Жизнь в особняке Оппнеров сжалась до нескольких комнат, которые теперь отапливались чугунными печками, стала тише и мрачнее, но не утратила своей загадочной прелести. Сегодня Вернеру стыдно это осознавать, но аскетизм тех зим казался ему романтически уютным, так же как простая еда, приготовленная на костре, кажется по-особенному вкусной благодаря аромату дымка. Им с Харальдом, двум дуракам, нравилось сидеть в полутёмной детской, кутаться в одеяла, прихлёбывать чай, грызть сухарики и бредить о подвигах.
Надо сказать, что Харри не очень-то гармонировал с таинственной и даже в благополучные поры несколько декадентской атмосферой отцовского дома. Он был почти всегда весел и немного простоват. Добродушно терпел ту лёгкую покровительственность, которую небогатый приятель позволял себе в первые годы их дружбы. Наводя порядок в столе Харри (где тетради лежали бесформенной кучей, пересыпанные монпансье с налипшей карандашной стружкой), Вернер беззлобно ворчал, как старший брат, хотя на самом деле был на месяц моложе. Хозяин стола тем временем грыз яблоко, валяясь на кровати и болтая свешенной ногой.

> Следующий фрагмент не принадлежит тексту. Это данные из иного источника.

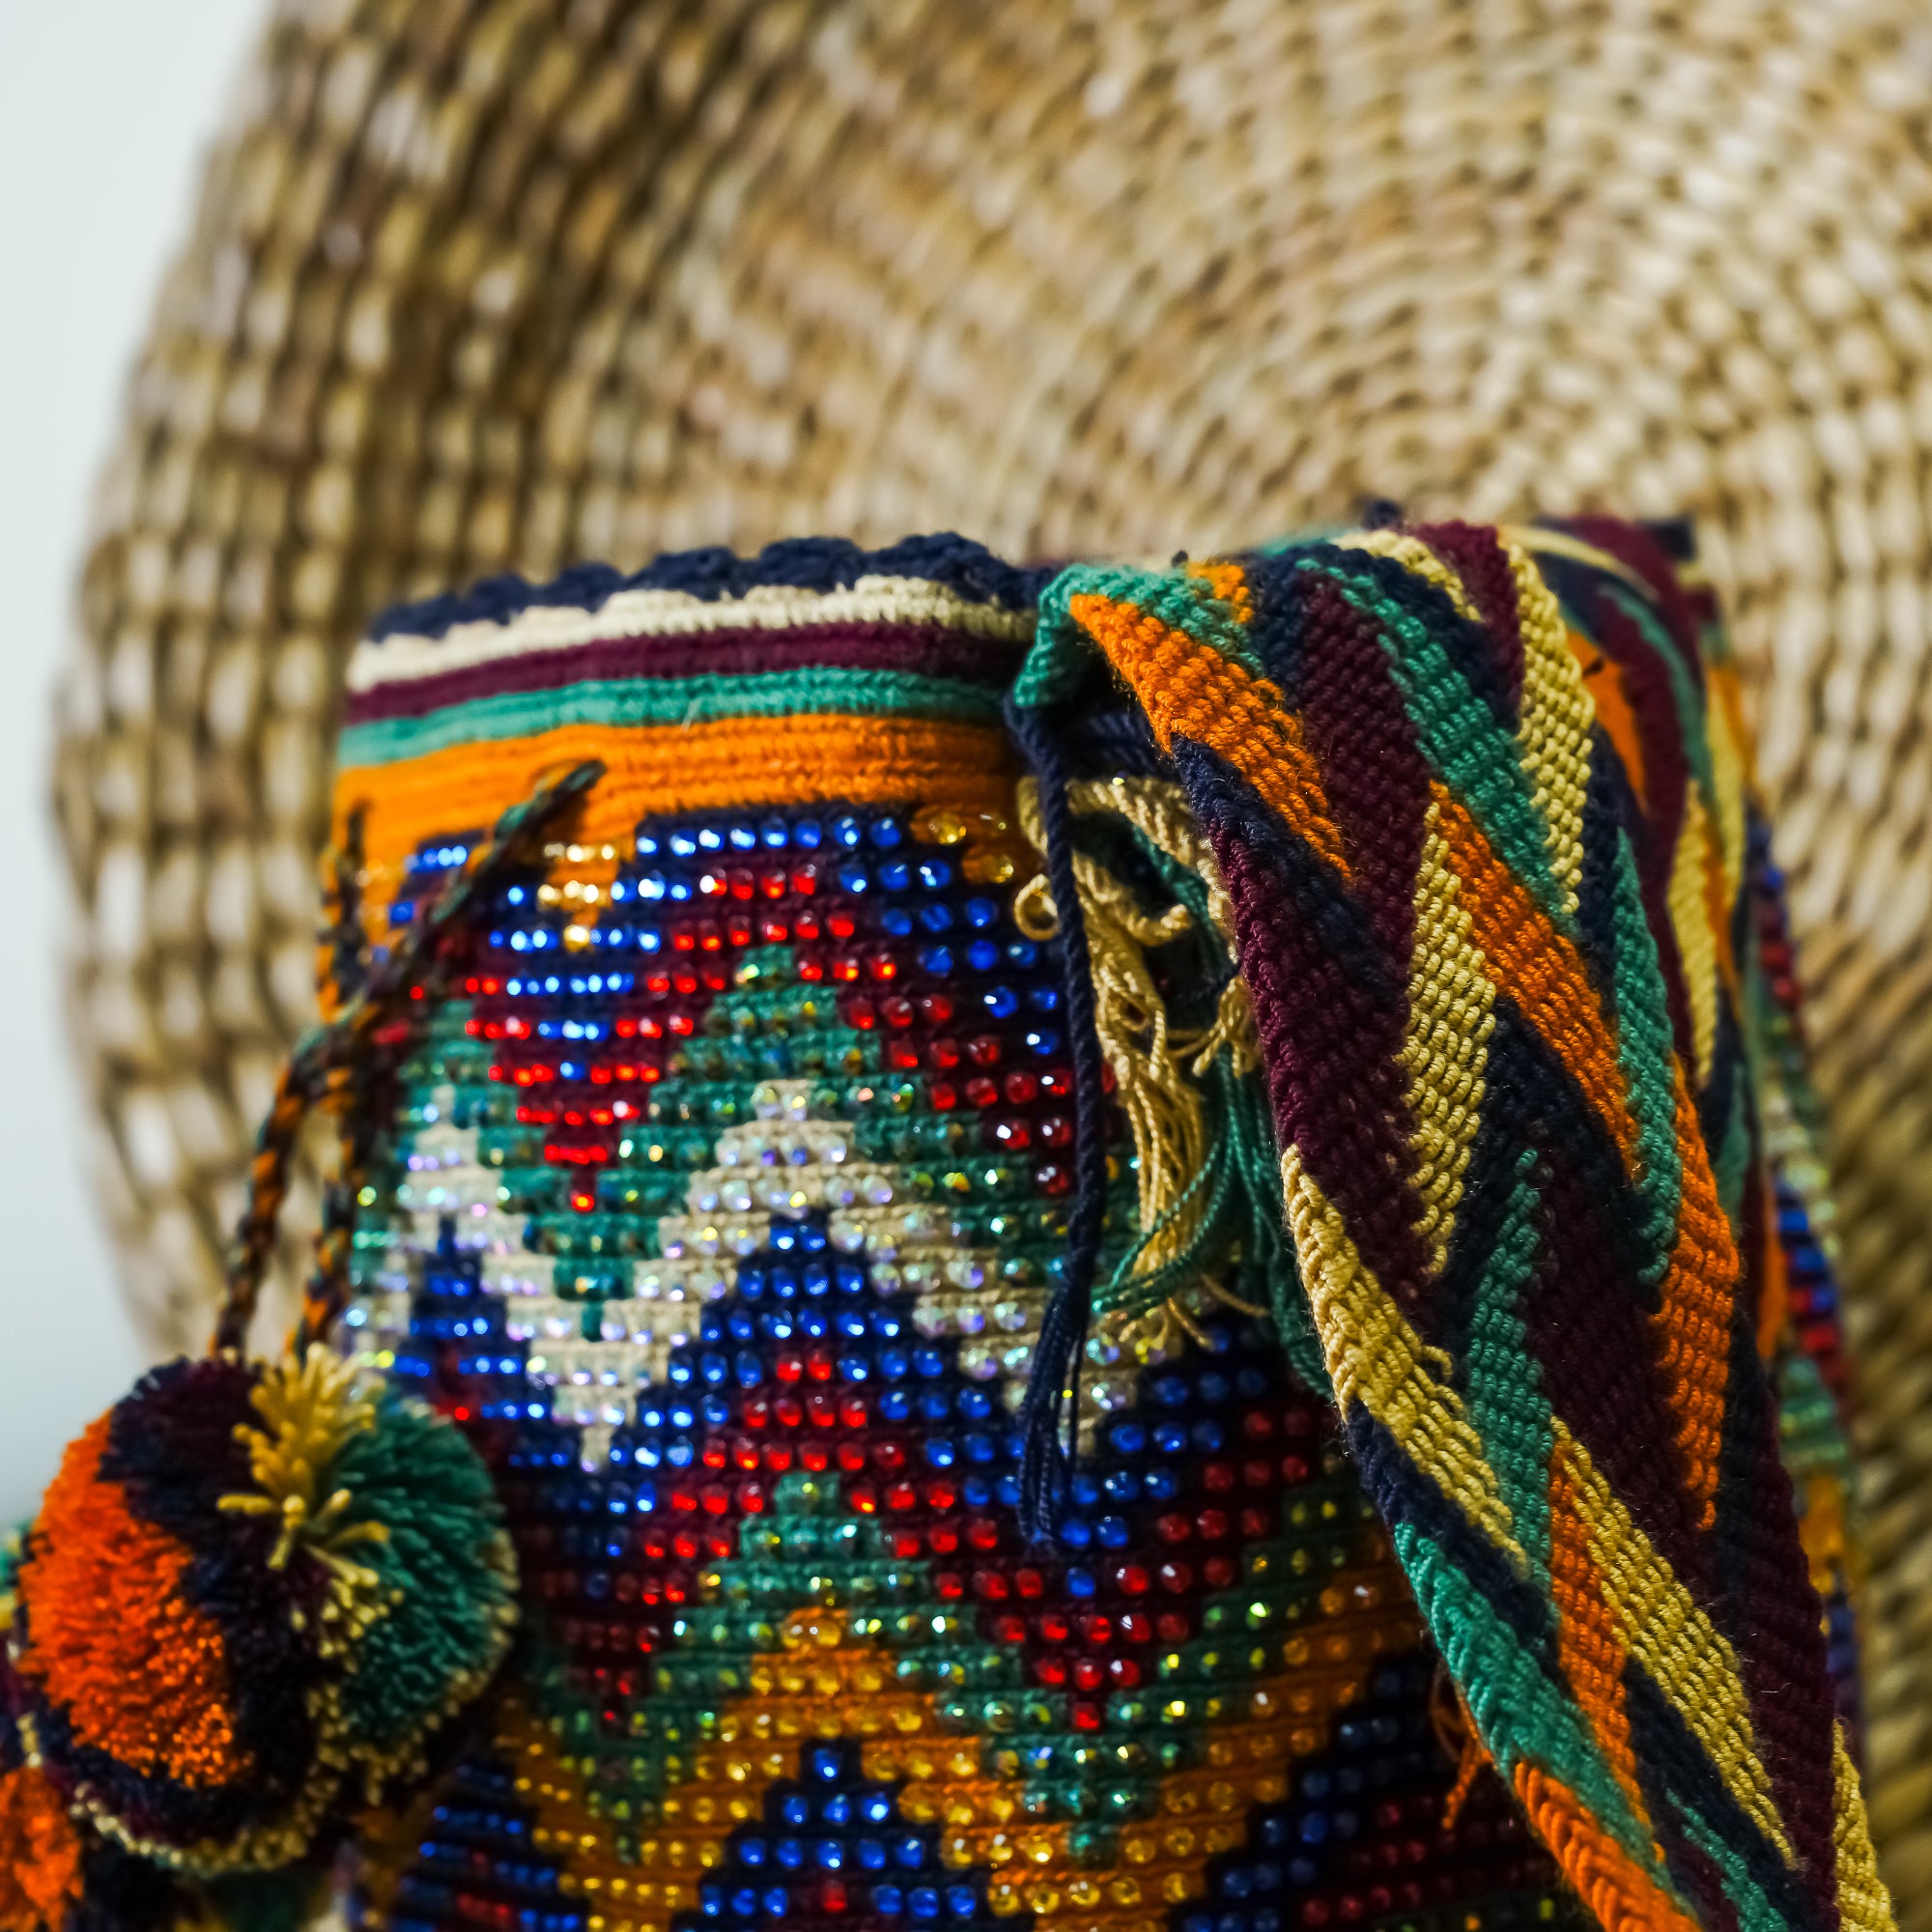 Colombian Handmade Bag (Wayuu - Model #10)
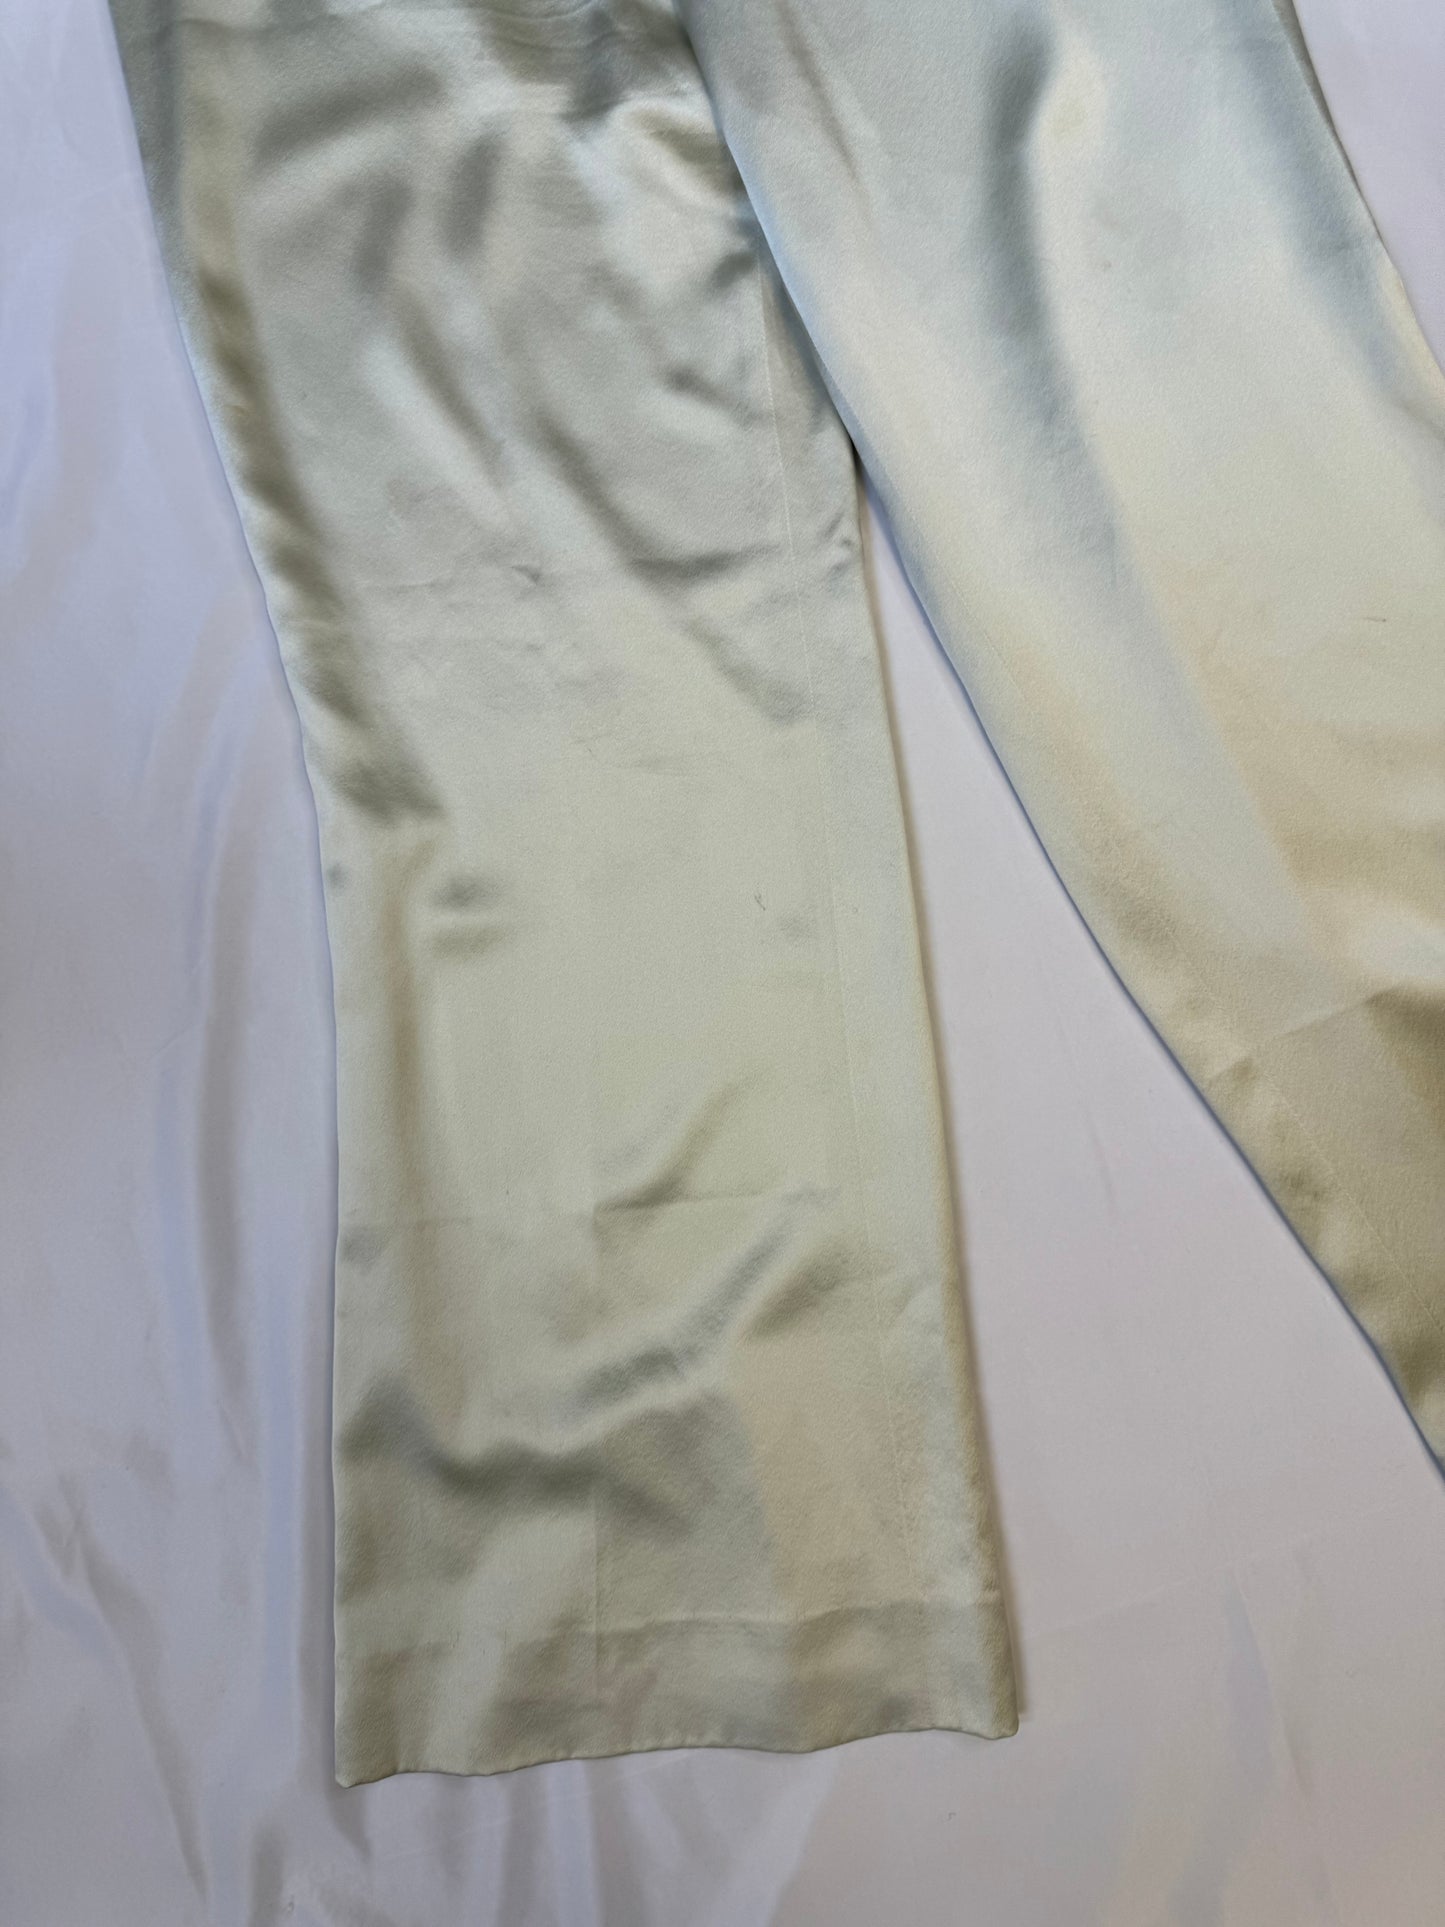 Vintage RL Silk pants

Чувство превосходства над этим баловнем судьбы Вернеру, сыну среднего класса, давали тяготы, которые он претерпевал в гимназии и которые с гордостью живописал. Харри тоже учился по гимназической программе, но был избавлен от самого мучительного – религиозных занятий и строевой подготовки. По-английски и по-французски он говорил лучше тех, кто никогда не имел иностранных гувернанток, зато латынью, греческим и тригонометрией ему особенно не докучали.
Вернер перестал быть старшим братом, когда мальчики вступили в пору душевных и физических смут. Пока один не спал ночей, всерьёз размышляя о том, действительно ли «грех против собственной плоти» может привести к чахотке и умопомешательству, в доме другого появилась новая горничная – миловидная податливая деревенская девушка, которую поселили в удобной близости от его комнаты. Детская, способная посрамить иной магазин игрушек, трансформировалась в спальню молодого господина – с шёлковым бельём на просторной кровати, белой мохнатой шкурой на полу, батареей флаконов и замысловатыми многоярусными несессерами на инкрустированном туалетном столике, кольцами, запонками и булавками для галстука, небрежно хранимыми в изящной эмалевой мисочке. (Только с железной дорогой Харри всё-таки не смог расстаться: огромная, с семафорами, стрелками, тоннелем и всевозможными пристанционными постройками, она занимала отдельный стол посреди просторной комнаты. Созерцание бегающего поезда, по заверению юного Оппнера, помогало ему думать. О чём бы эти думы ни были.)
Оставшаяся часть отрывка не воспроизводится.